### DATASET EXTRACT
=-=-=
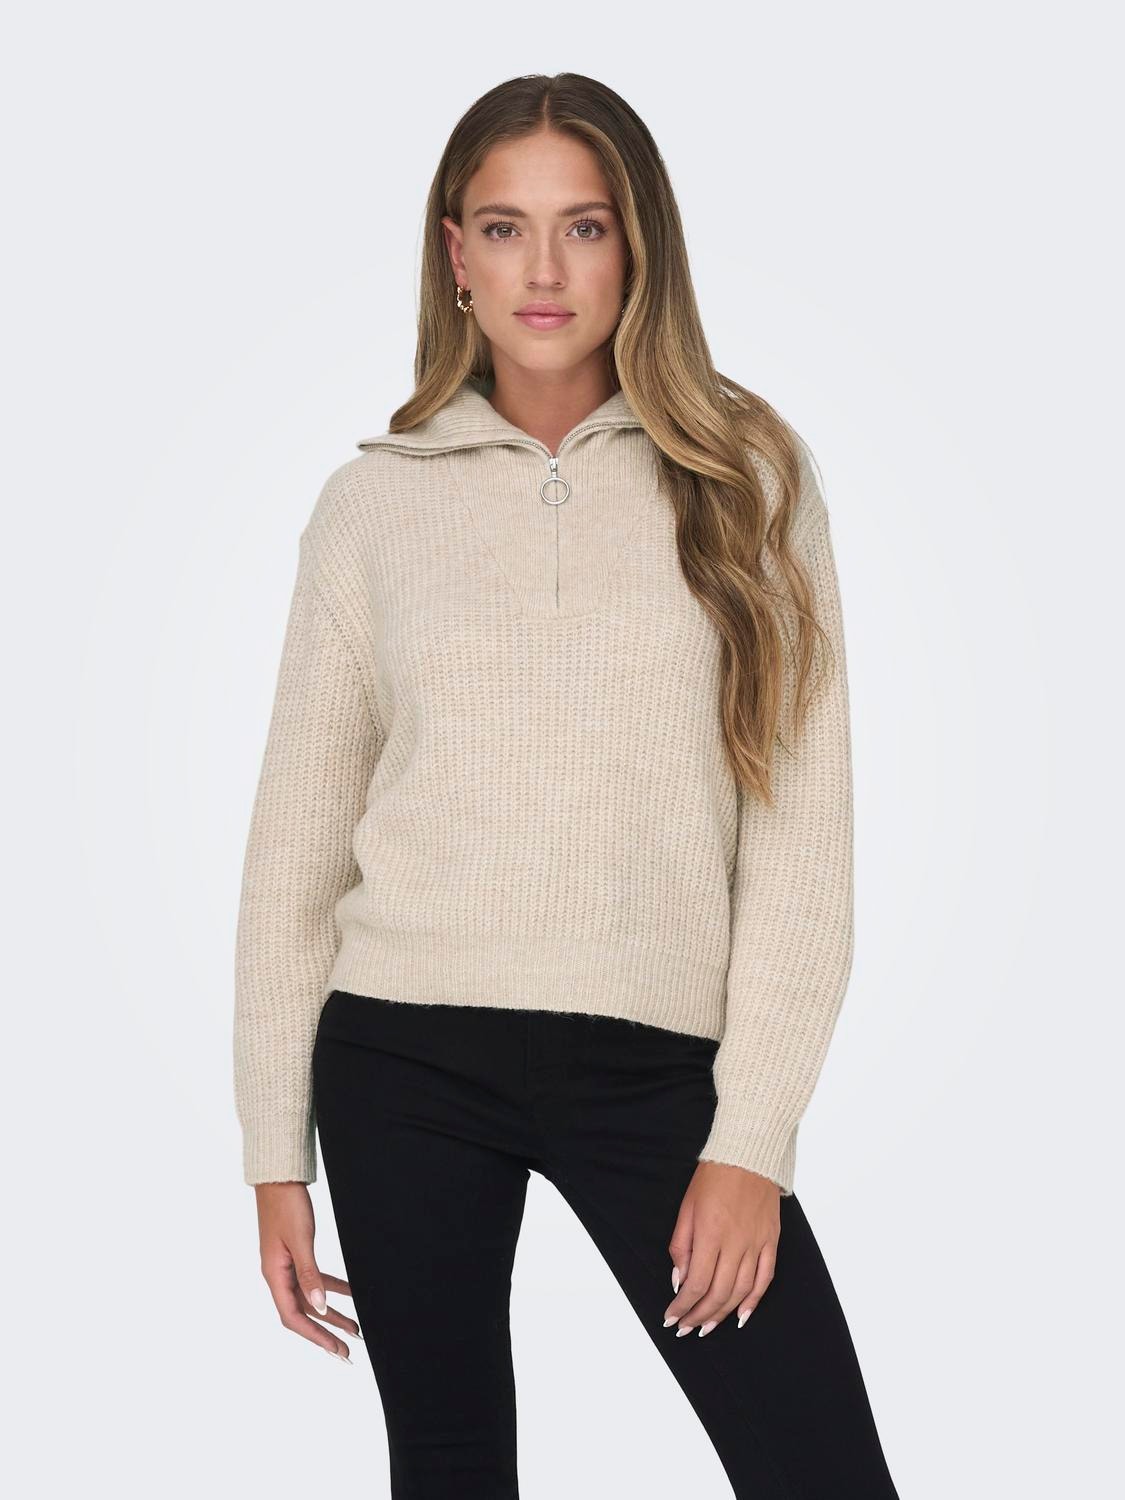 ONLY Regular Fit High neck Ribbed cuffs Pullover -Cloud Dancer - 15247008
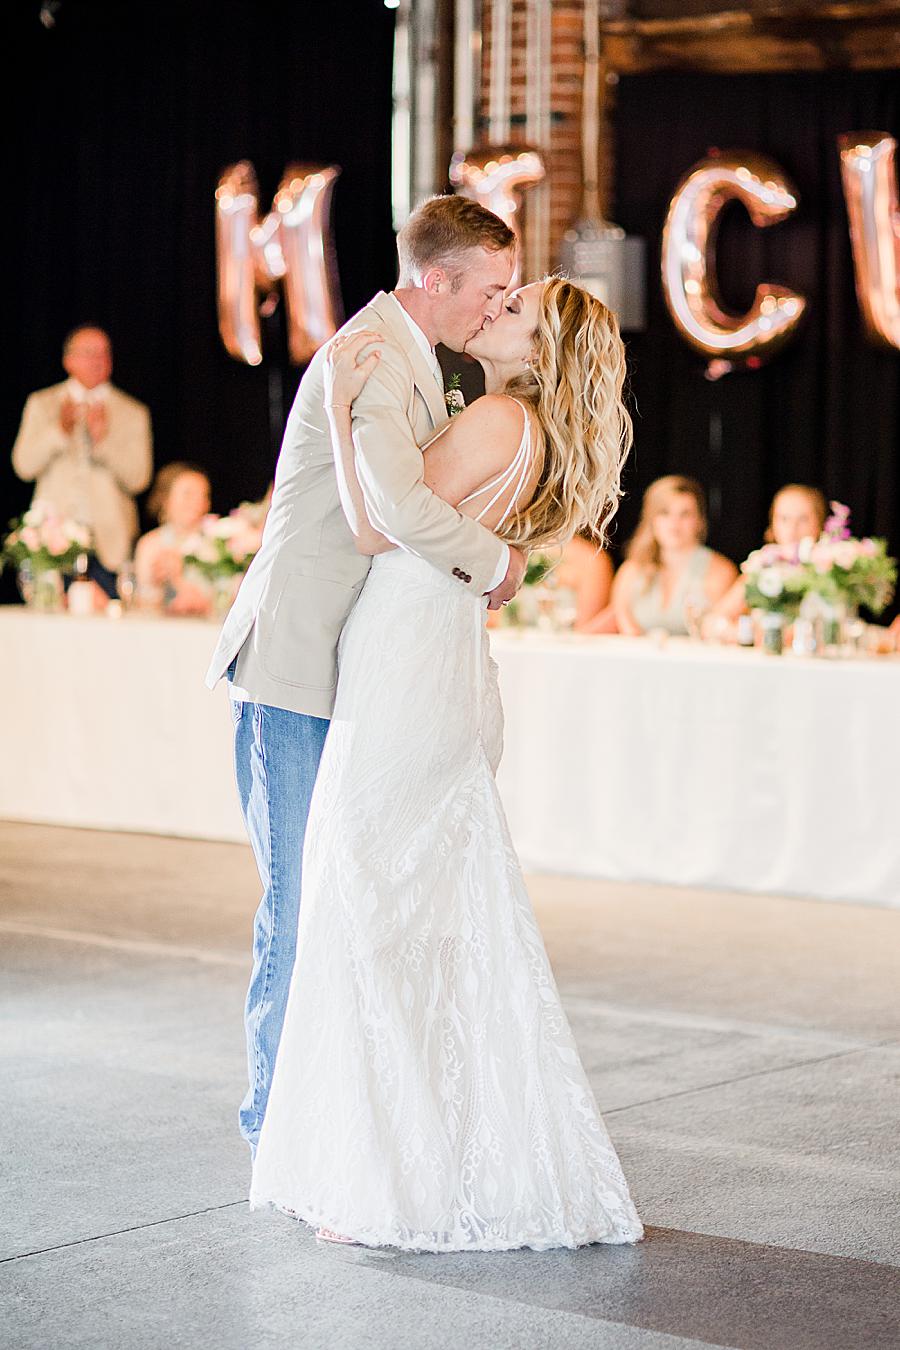 Mr. and Mrs. at this Dayton wedding by Knoxville Wedding Photographer, Amanda May Photos.
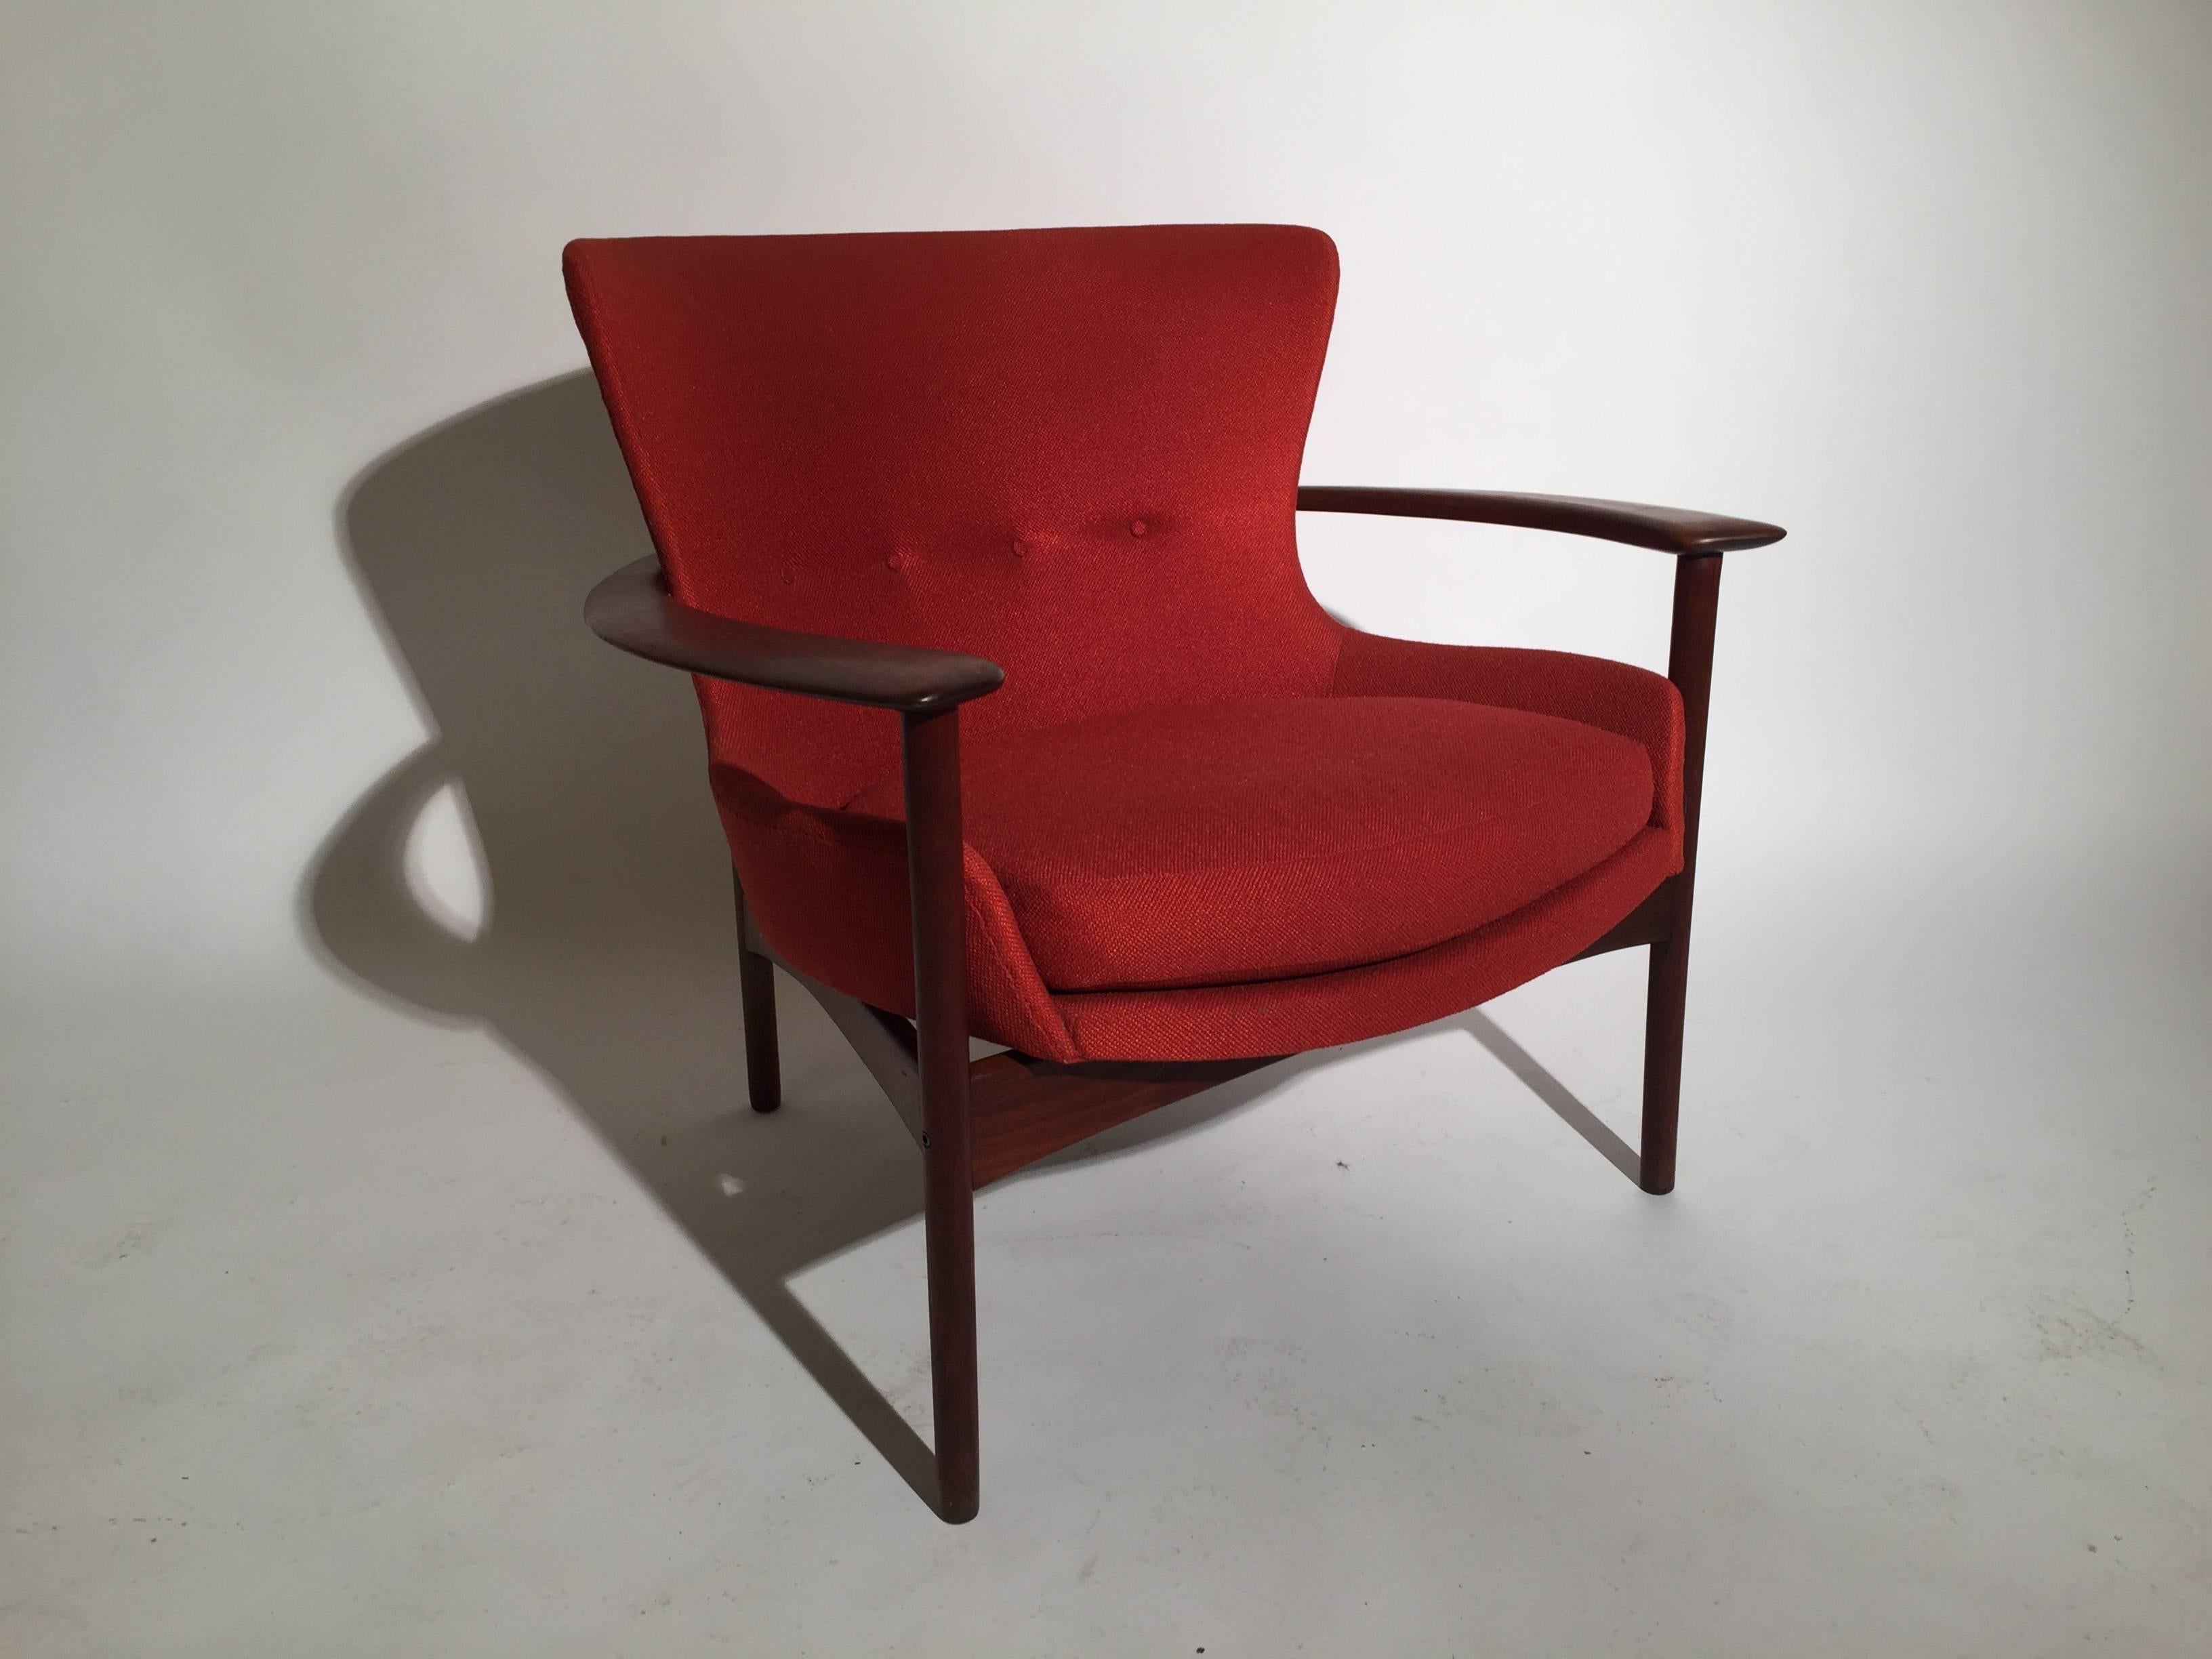 High style and dramatic Larsen for Selig teak lounge chair, circa 1950s. Original rust or burnt orange upholstery in near-perfect condition, and teak frame with warm brown patina with a few dings as can be expected of a 60 year old chair. Selig
=-=-=
### ACTIVITY
All of the lines above must be repeated without alteration, though the pictures are to be excluded.

### FINISHED TASK
 ONLY Regular Fit High neck Ribbed cuffs Pullover -Cloud Dancer - 15247008
 Mr. and Mrs. at this Dayton wedding by Knoxville Wedding Photographer, Amanda May Photos.
 High style and dramatic Larsen for Selig teak lounge chair, circa 1950s. Original rust or burnt orange upholstery in near-perfect condition, and teak frame with warm brown patina with a few dings as can be expected of a 60 year old chair. Selig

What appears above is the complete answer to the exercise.